A seguito della prova, quelli facendo uso del metodo di addestramento basato velocità potrebbero sollevare una media di 15kg di più indietro sul tozzo che quando hanno cominciato, aumentante da 147kg a 162kg, malgrado i loro caricamenti di addestramento che sono una media nove per cento di più di meno ad ogni sessione; hanno sollevato sei per cento più di meno sulla stampa di banco per sessione ma hanno potuto intraprendere un 8kg extra dalla sessione definitiva; la stampa sopraelevata ha veduto un aumento 4kg nell'un rappresentante massimo malgrado il sollevamento sei per cento più di meno durante l'addestramento; e il deadlift è aumentato da 176kg a 188kg anche con una diminuzione media di due per cento sui loro caricamenti di addestramento.

Il Dott.

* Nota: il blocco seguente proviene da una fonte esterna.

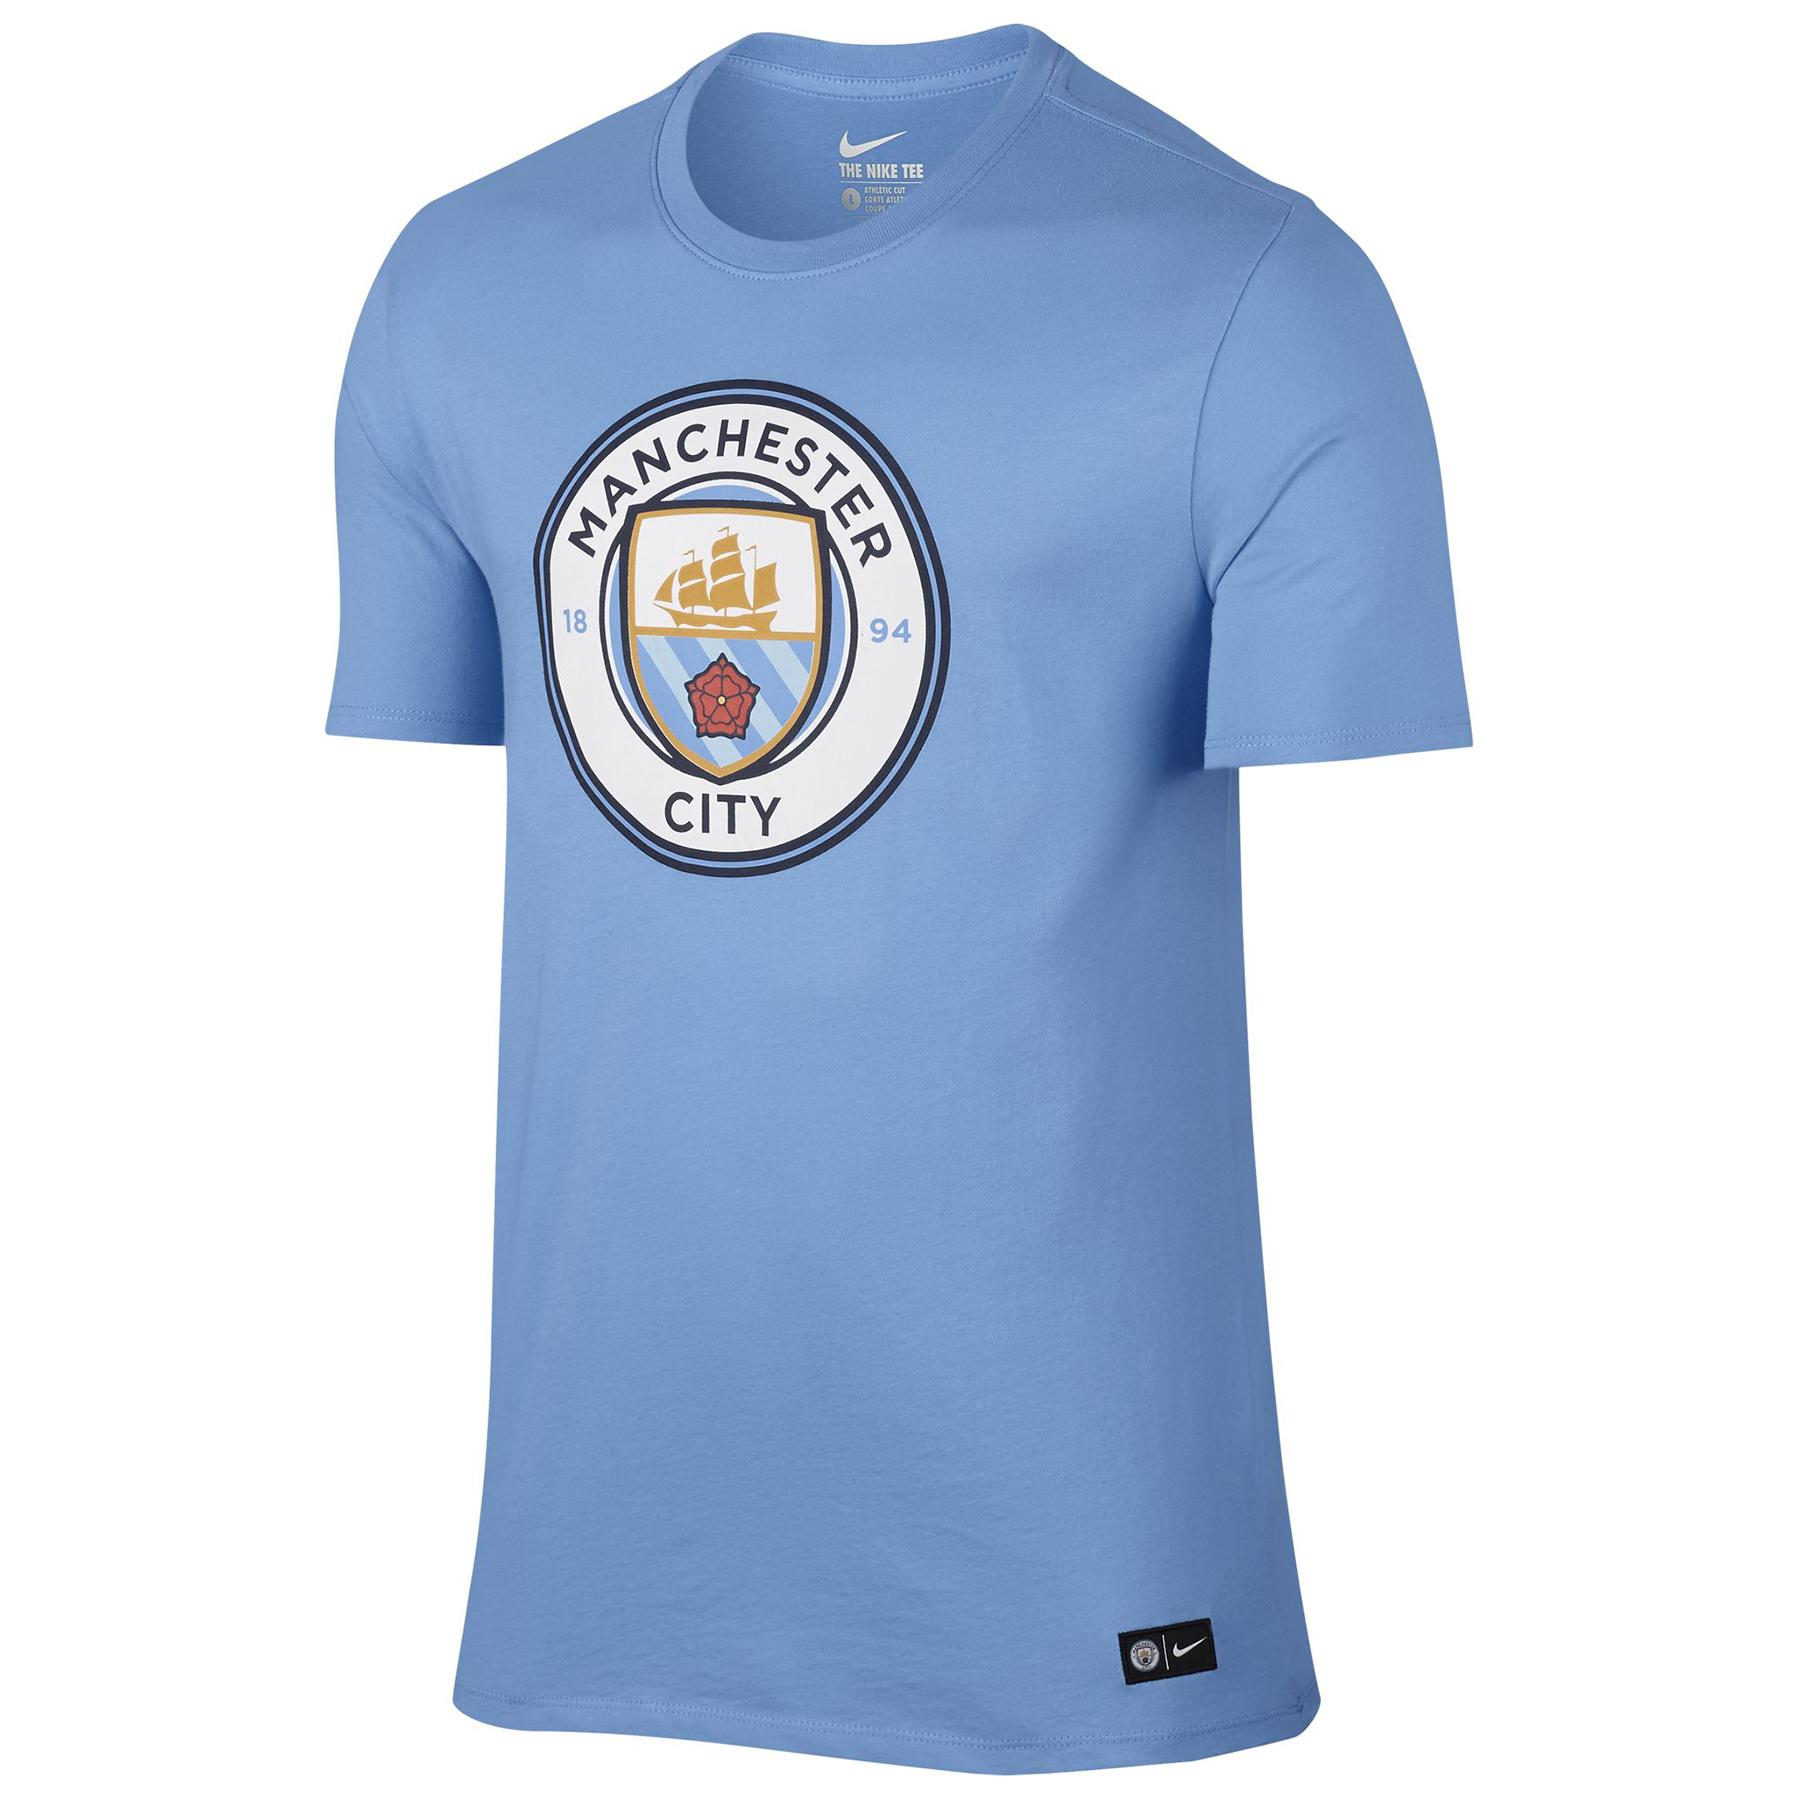 Manchester City Crest T-Shirt - Lt Blue
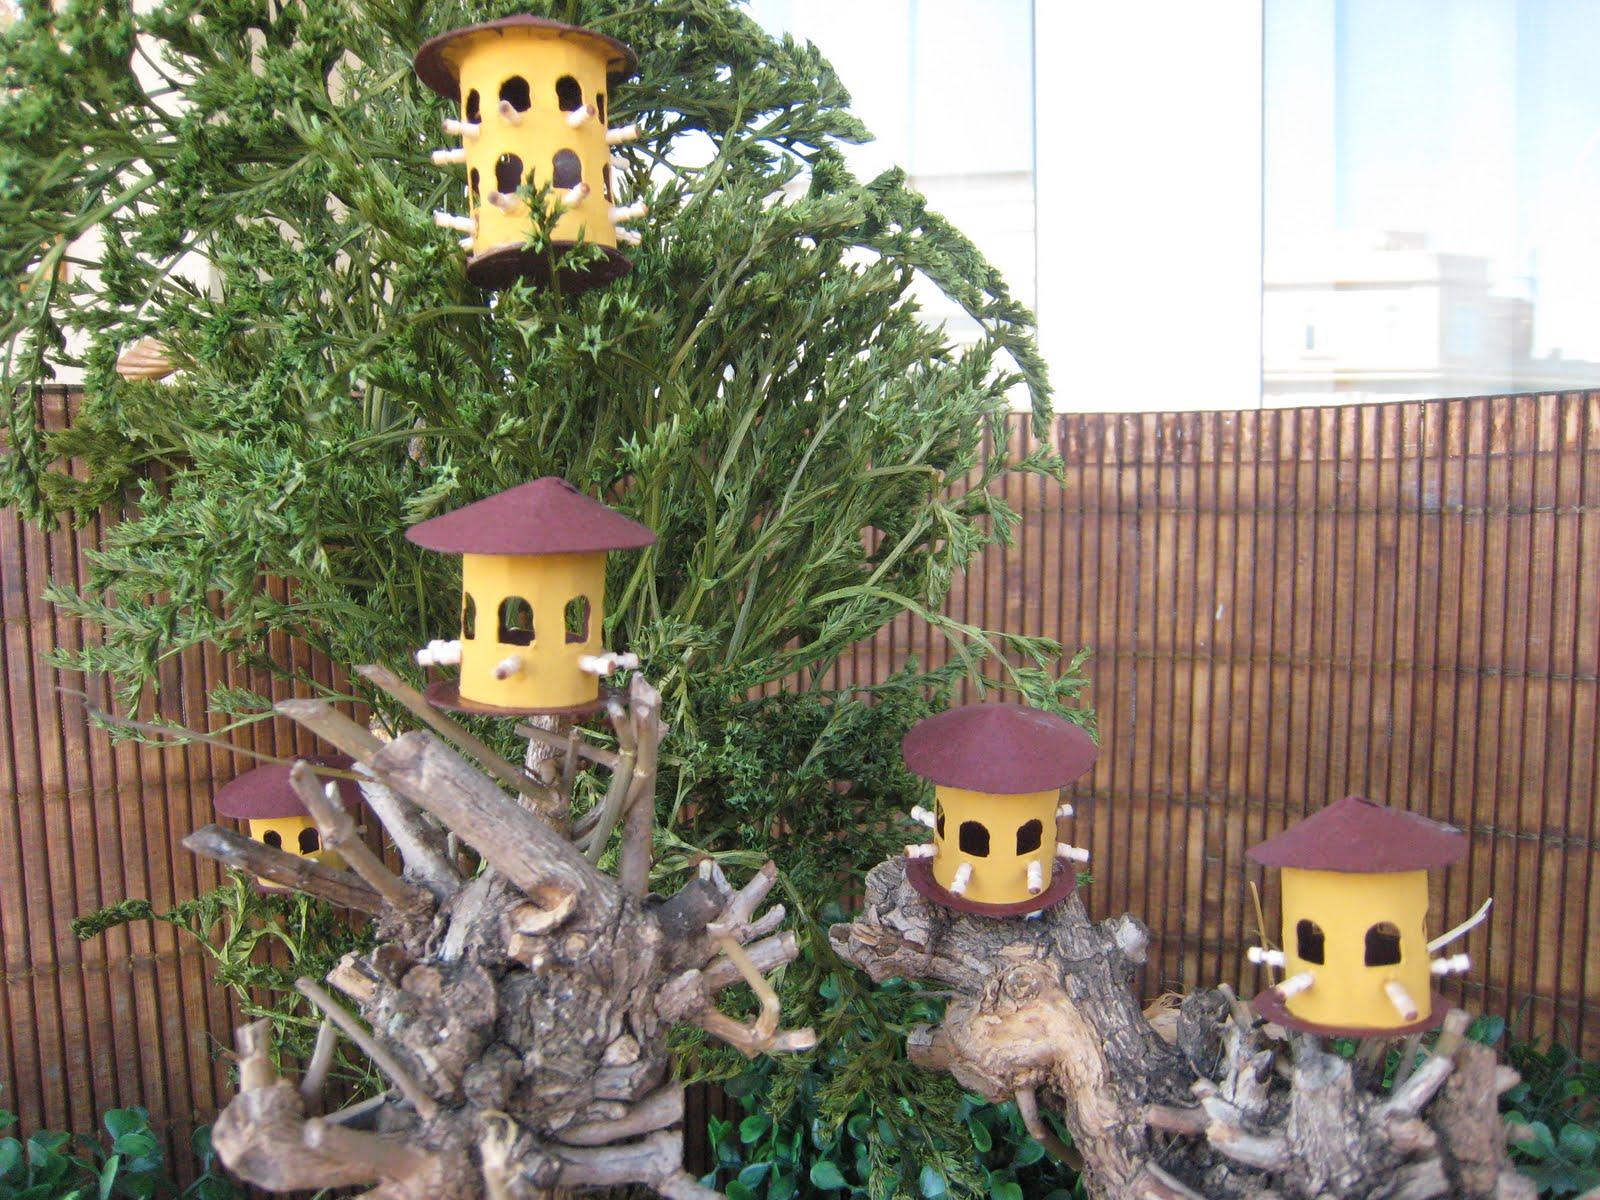 May casitas de pajaros en el jard n - Casitas para pajaros jardin ...

Dorrell ha aggiunto:

Mentre alcuni di questi cambiamenti potrebbero essere considerati come soltanto “piccoli miglioramenti„ ed erano simili al gruppo facendo uso del metodo di addestramento tradizionale, il gruppo di velocità sollevato significativamente di meno per vedere i guadagni che hanno fatto. L'idea di addestramento basato velocità è stata intorno per un po', ma finora non c' è stato alcuna scienza per provare che realmente funziona; la scienza definitivo ha preso.„

Gli strumenti di misura cinetici disponibili nel commercio, compreso i apps, ora significano che chiunque potrebbe effettuare facilmente lo stesso metodo di addestramento a casa o nella palestra.

I risultati sono stati pubblicati nell'edizione del gennaio 2020 del giornale di resistenza e della ricerca di condizionamento e sono i primi completamente per esplorare l'argomento.

Source:
Journal reference:

Dorrell, H., et al. (2020) Comparison of Velocity-Based and Traditional Percentage-Based Loading Methods on Maximal Strength and Power Adaptations. Journal of Strength and Conditioning Research. doi.org/10.1519/JSC.0000000000003089.